Orchestral Works by Tomas Svoboda (sometimes abridged as Orchestral Works) is a classical music album by the Oregon Symphony under the artistic direction of James DePreist, released by the record label Albany in 2003. The album was recorded at the Arlene Schnitzer Concert Hall in Portland, Oregon during three performances in January and June 2000. It contains three works by Tomáš Svoboda, a Czech-American composer who taught at Portland State University for more than 25 years: Overture of the Season, Op. 89; Concerto for Marimba and Orchestra, Op. 148; and Symphony No. 1 (of Nature), Op. 20. The album's executive producers were Peter Kermani, Susan Bush, and Mark B. Rulison; Blanton Alspaugh served as the recording producer.

Overture of the Season and Concerto for Marimba and Orchestra were commissioned by the Oregon Symphony. The latter was dedicated to principal percussionist Niel DePonte, who encouraged Svoboda to compose the work and who is featured on marimba; it was the first concerto commissioned by the orchestra for one of its musicians. Though the album received a mixed critical reception, DePonte's performance earned him a Grammy Award nomination for Best Instrumental Soloist Performance with Orchestra. Selected tracks from the album have been broadcast by classical music radio stations throughout the United States.

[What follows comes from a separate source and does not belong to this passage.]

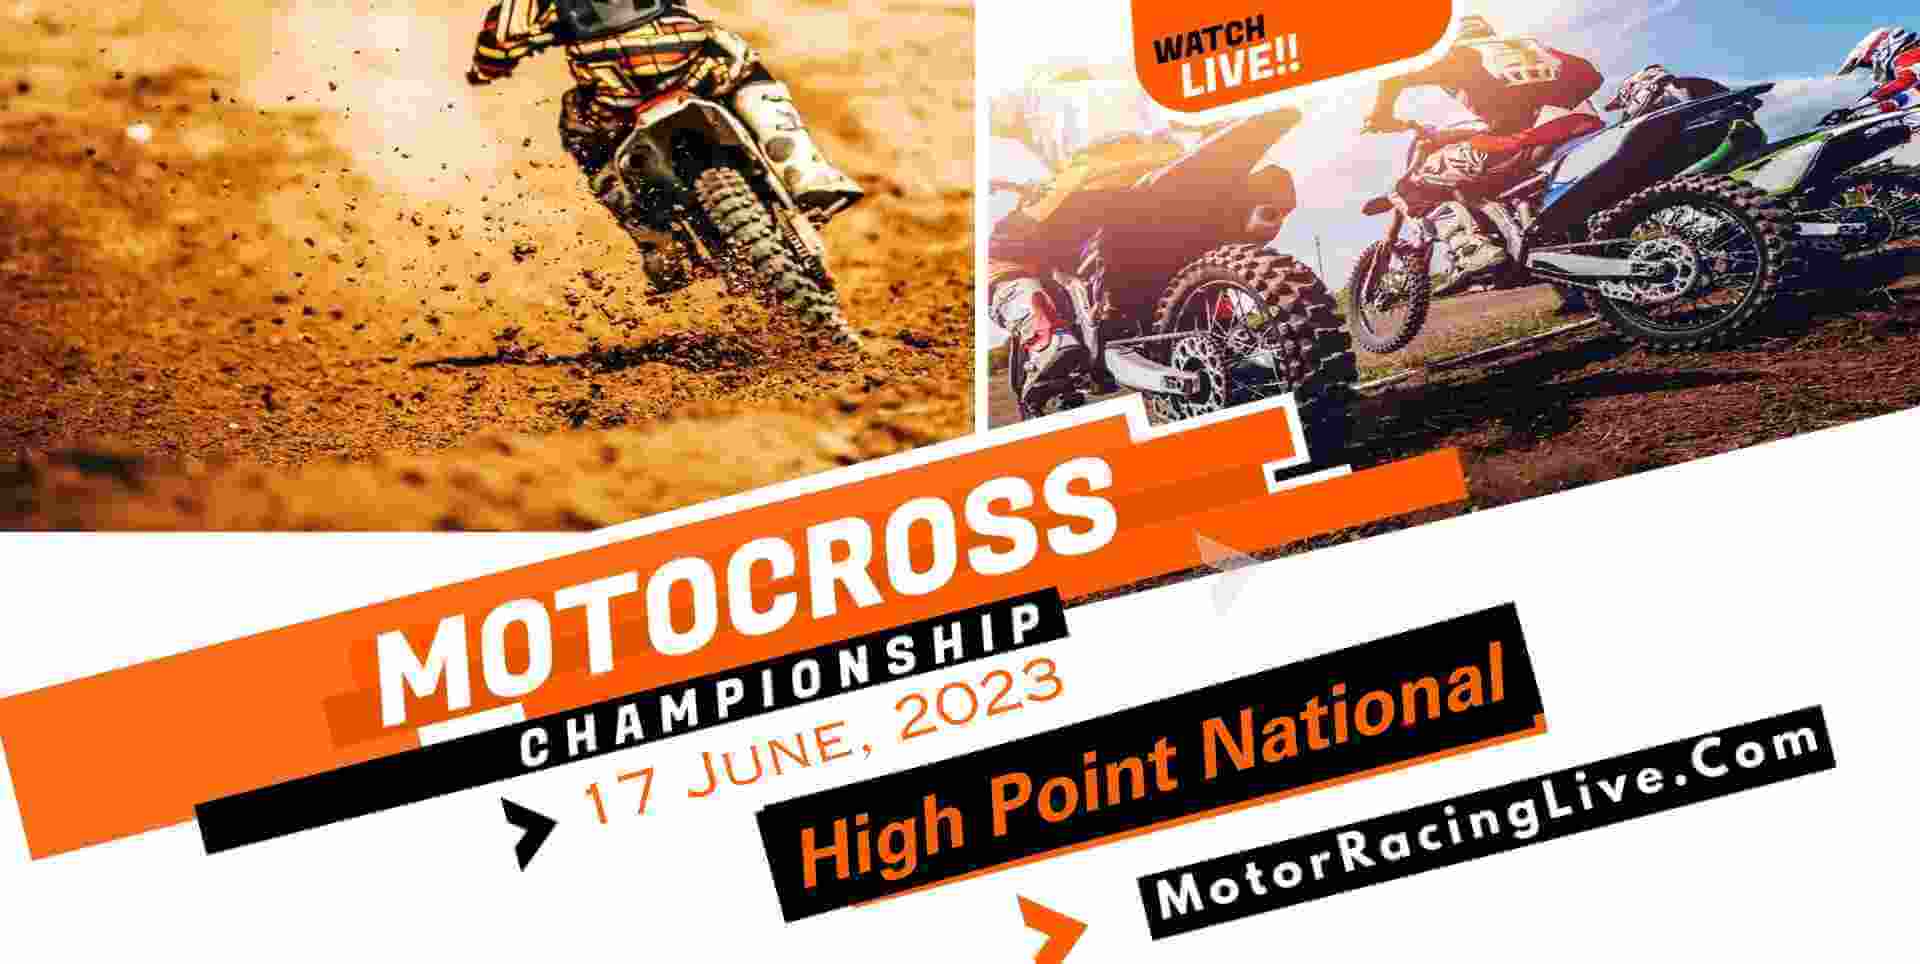 High Point National Live Stream 2023 Pro Motocross

Background and composition

Orchestral Works by Tomas Svoboda, released by Albany Records in July 2003, was recorded under the artistic direction of James DePreist and contains three works by Czech-American composer Tomáš Svoboda: Overture of the Season, Op. 89; Concerto for Marimba and Orchestra, Op. 148; and Symphony No. 1 (of Nature), Op. 20. Svoboda has been regarded as Oregon's "most prolific and performed" classical composer. Following his education at the Prague Conservatory (1954–1962), the Academy of Music in Prague (1962–1964) and the University of Southern California (1966–1969), Svoboda taught composition and music theory at Portland State University for more than 25 years.

Overture of the Season and Concerto for Marimba and Orchestra were recorded at the Arlene Schnitzer Concert Hall in downtown Portland on January 9–10, 2000; Symphony No. 1 was recorded at the same venue on June 13, 2000. Concerto for Marimba and Orchestra features principal percussionist Niel DePonte, who joined the orchestra in 1977 at age 24, on marimba. Peter Kermani, Susan Bush and Mark B. Rulison served as the album's executive producers. Blanton Alspaugh served as the recording producer. John Newton was the recording engineer, and mastering was conducted by Mark Donahue. Svoboda is credited for the album's cover art. The album's liner notes also credit Wendy Leher, Pavlina Honcova-Summers and Henry Hillman for photography, and Dave McLaughlin for graphic design. Mixing console mastering occurred at Soundmirror, based in Massachusetts.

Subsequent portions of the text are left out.